Asia’s Cult of Intelligence

I have been traveling to East Asia (and many other parts of the world) for more than 25 years and over that time one of the things that has always struck me is how intelligent the general public in countries like Japan appear to be. It’s not that there aren’t dummies in East Asia, but it always seems that the average level of education and ability to think about the world intelligently and critically is impressively widespread. I’ve often thought about why this is the case and also why the same seems more difficult to say about the U.S. The answer, I think, can be found in a comment science fiction writer Isaac Asimov made about the U.S. while being interviewed in the 1980s: “There is a cult of ignorance in the United States, and there has always been. The strain of anti-intellectualism has been a constant thread winding its way through our political and cultural life, nurtured by the false notion that democracy means that my ignorance is just as good as your knowledge.”
Asimov is right on the mark, and this cult of ignorance is the most serious national security issue facing the U.S. today.
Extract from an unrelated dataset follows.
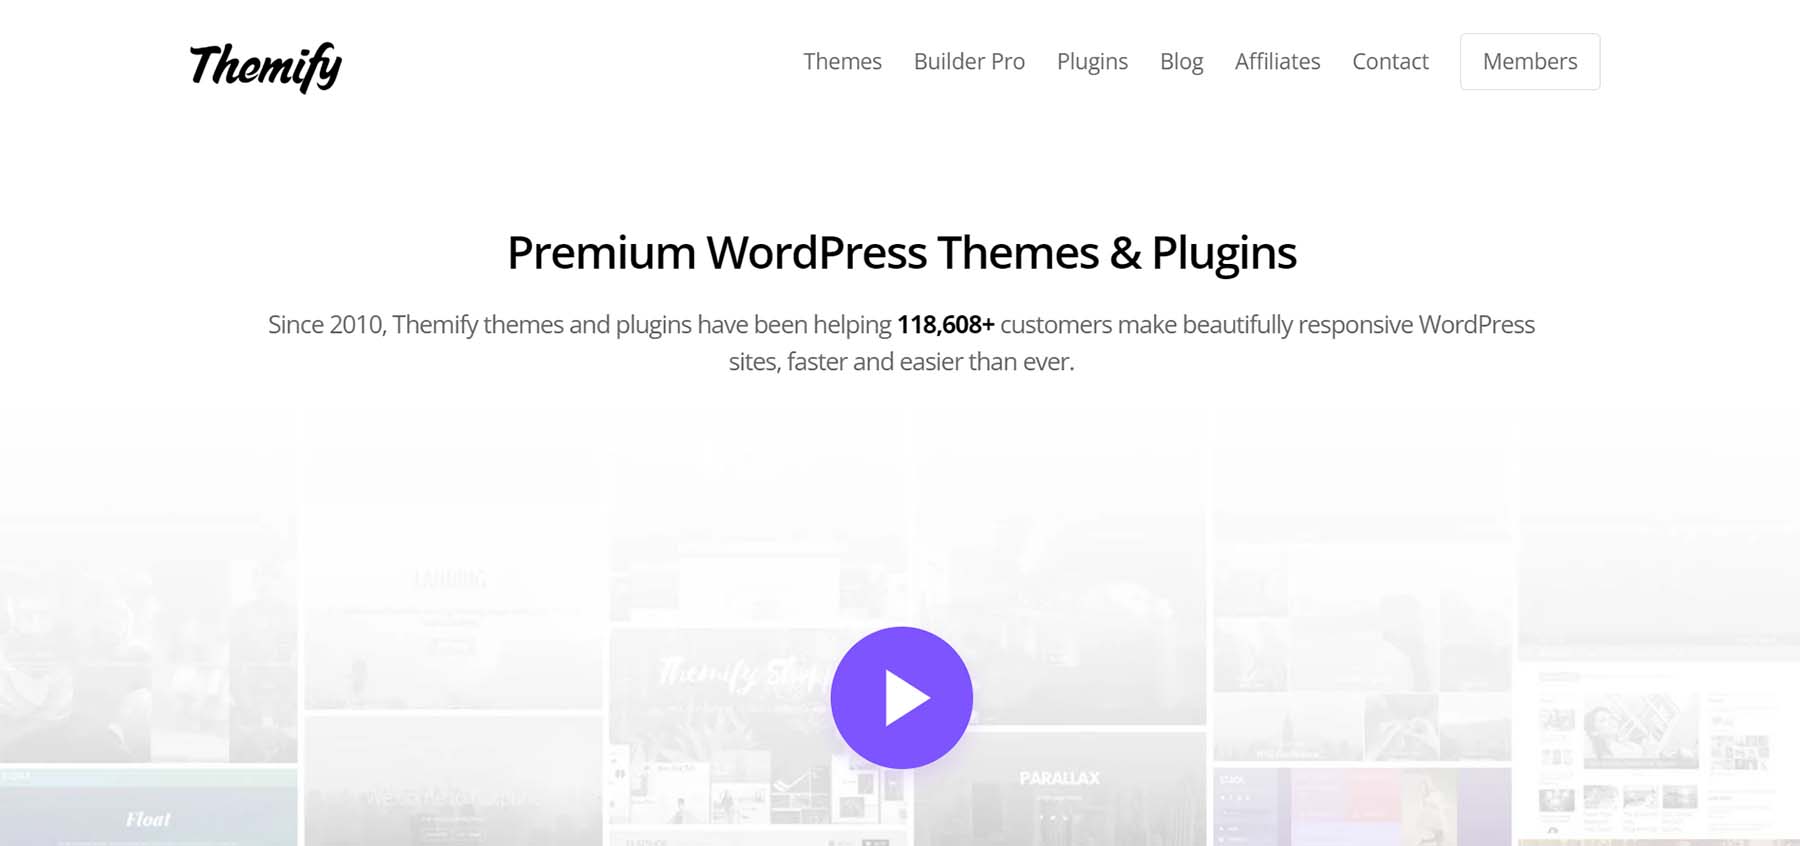 Thème et plugins WordPress Themify Premium

It is more important than the external threats from terrorists or the rise of a politically and economically powerful China. And a major part of the reason it is such an major issue for Americans to fix is that our immediate competitors, particularly those in Asia, have managed to create a culture in which rather than a cult of ignorance, a cult of intelligence plays a major role in shaping attitudes about the world and, thus, policies about dealing with other countries.